Thursday, June 21, 2012

"Bury Me At The Feet Of Aloysius Gonzaga."

St. Aloysius Gonzaga, S.J.
The Jesuits lost a devoted friend in the person of St. Charles Borromeo, who died in 1584. It is a calumny to say that he had turned against them and had taken the seminary of Milan from their direction. It was they themselves who had asked to be relieved of the responsibility, for he had so multiplied their colleges in his diocese, that it was impossible to give the seminary the attention it required. It is true that he was greviously offended by one individual Jesuit who injected himself into a controversy that was going on between the governor and the archbishop, and assailed the great prelate in the pulpit of the very church which had been given to the Society by Borromeo; but Claudio Aquaviva quickly brought him to the cardinal's feet to ask forgiveness, and then suspended him for two years from preaching. That incident, however, in no way diminished the affection of the saint for the Society. His last Mass was said in the Jesuit novitiate which he had founded, and he died in the arms of his Jesuit confessor, Father Adorno, two days afterwards. Seven years later, on June 21, 1591, another saint died, the young Aloysius Gonzaga. Borromeo knew him well, and had given him his first Communion. This boy saint was not only an angel of purity, but also a martyr of charity, for he died of a fever he had caught from the victims of a plague whom he was attending during a pestilence that devastated Italy. The venerable Robert Bellarmine was his confessor and spiritual father, and, later, when he was about to expire, he said to those around him: "Bury me at the feet of Aloysius Gonzaga."
Link (here) to the Jesuits

5 comments:

TonyD said...

Often there is preparatory work done by others - but hardly noticed.

The preceeding paragraphs describe Cardinal Toletus - who, in effect, defended an attacker of the Church. So often we tend to look at simple "right" and "wrong" while failing to see the complexity of situations.

Maria said...

"During his dying illness, Father Bellarmine, a man up in years by then, would stay hours with his penitent and Aloysius asked him, "is it possible to go straight to Heaven without any purgatory", 'yes, Bellarmine said, it's quite possible'. "Well, can I ask for that grace?" 'You sure can.' So he begged for the grace to, when he died go straight to Heaven and no purgatory. The night before he died, he had an ecstasy all night.

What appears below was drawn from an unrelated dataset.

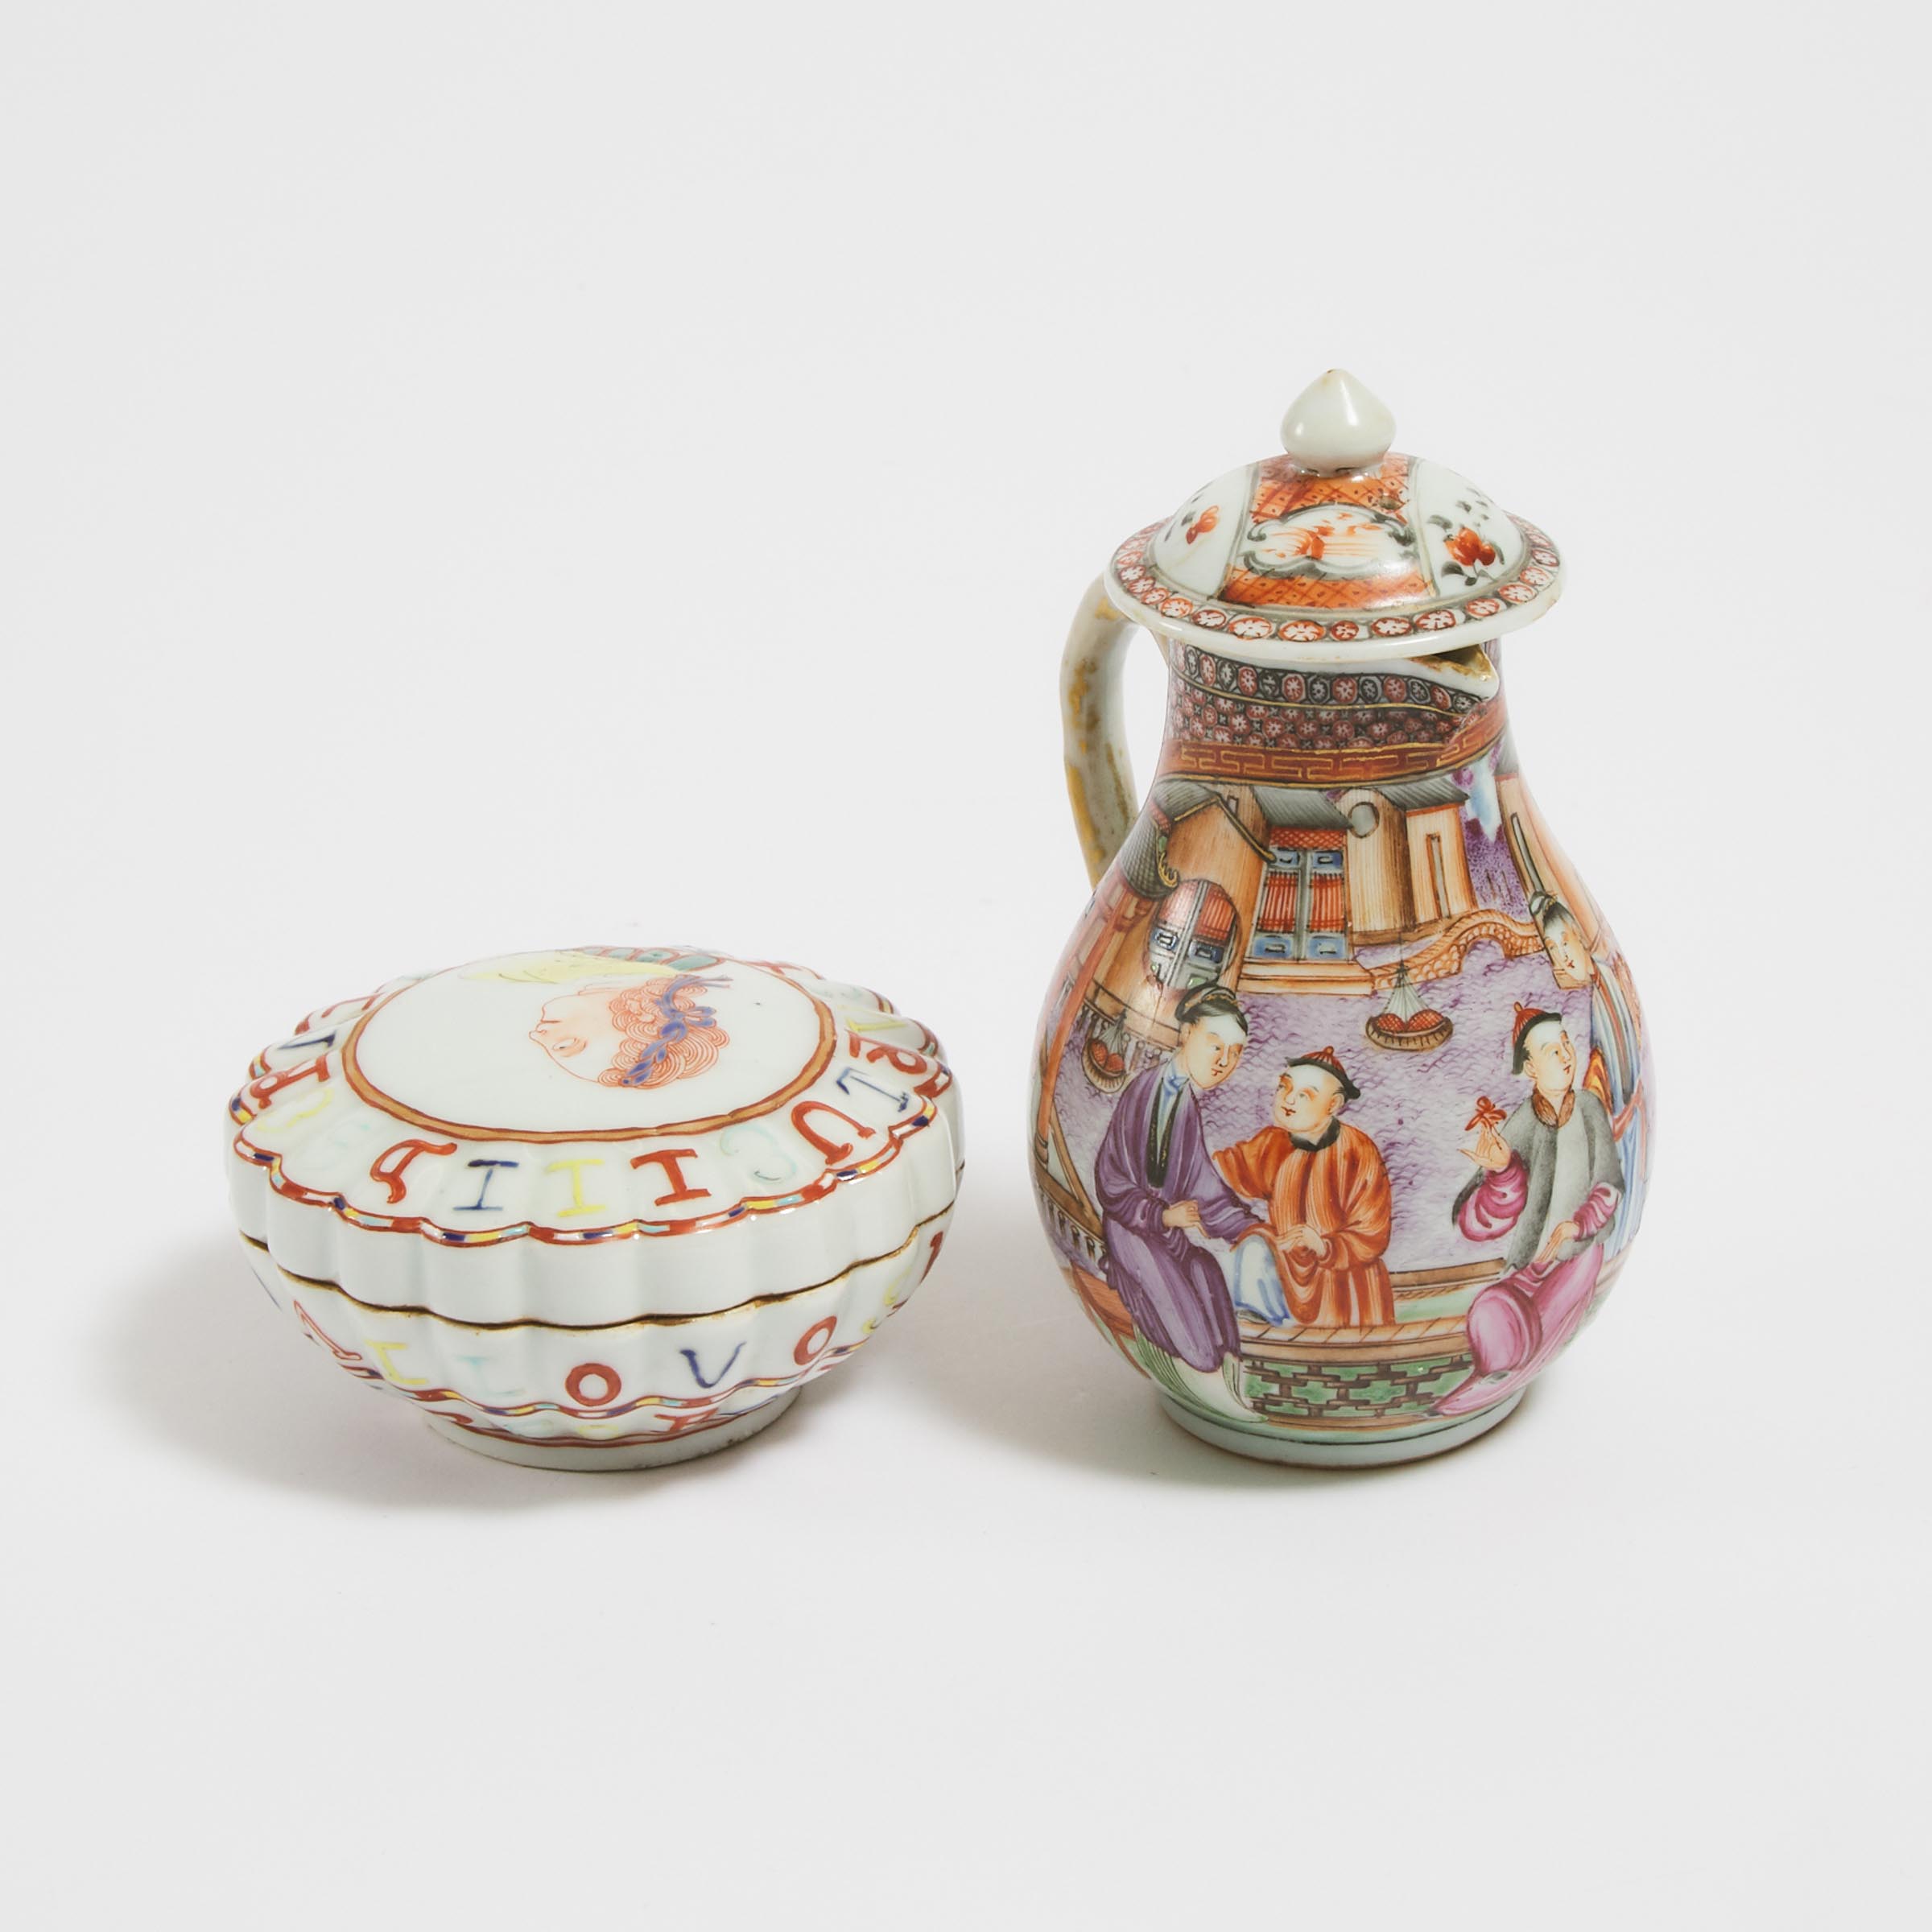 A Chinese Export 'European Subject' Box and Cover, Together With a Famille Rose 'Figural' Teapot, 18th Century
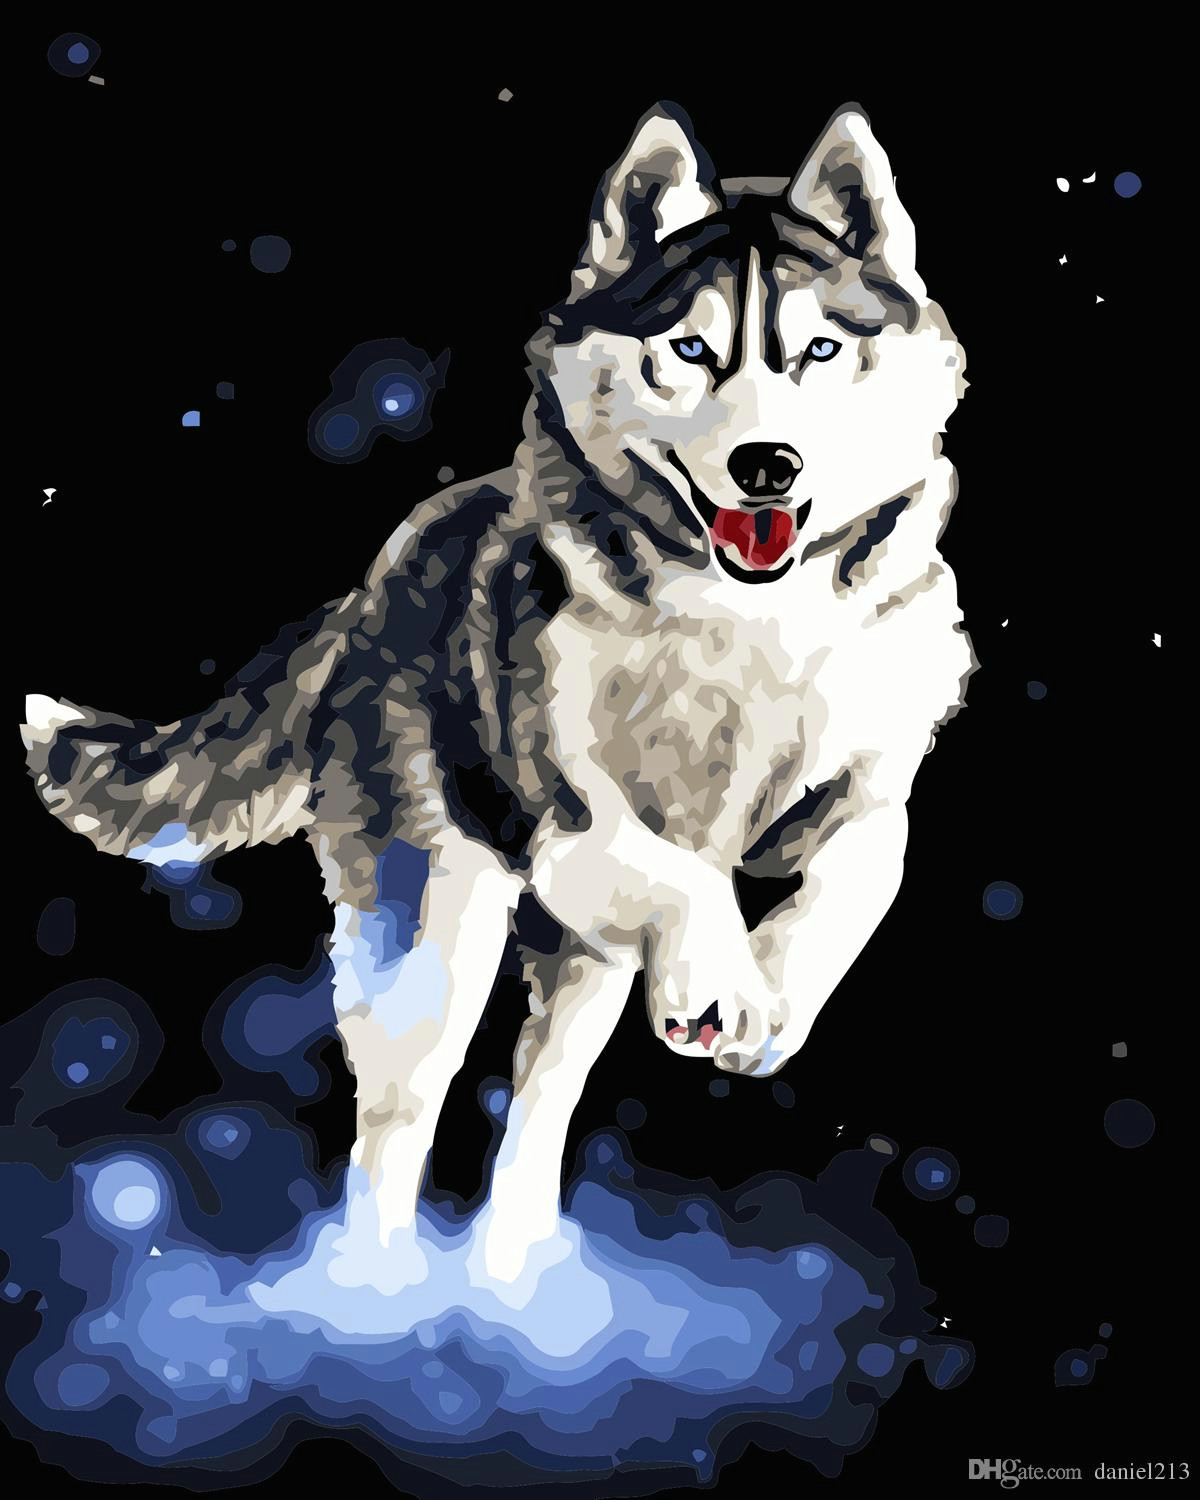 coming pet husky dog 16x20 inches diy paint on canvas drawing by numbers kits art acrylic oil painting frame for adult teen

With the members of his community around him, he was talking to the rector who was standing over his bed, "we're going, father, we're going". The rector said, 'where are we going?' "We're going to Heaven". So the rector jokingly said, 'You'd think he was going to Froscoty' (that, by the way, is a Jesuit villa outside of Rome). Just before he died, he pronounced the words, "into Thy hands" and passed away. He was canonized in 1726 and his relics, which I prayed before many times, are in the Church of St. Ignatius in Rome. He wrote many letters which have been preserved and are worth reading. 'The Best Life of St. Ignatius' is by the same Fr. Broderick, remember? but 'The Best Life of St. Aloysius' is Fr. Martindale. Martindale's life of Aloysius has large chunks of his letters … makes fine meditation."

Servant of God John Hardon SJ

Anonymous said...

There are many good biographies of Aloysius. Fr. Hardon--not a historian and a protector of sexual abusers--is not a useful guide.

Maria said...

“To all our persecutors we say: ‘you are our brethren; apprehend not us but rather the truth of God."

--St Justin Martyr 150 AD

http://youtu.be/Ff1EBaUUneY

Anonymous said...

No one is persecuting you by pointing out a documented case of sexual abuse.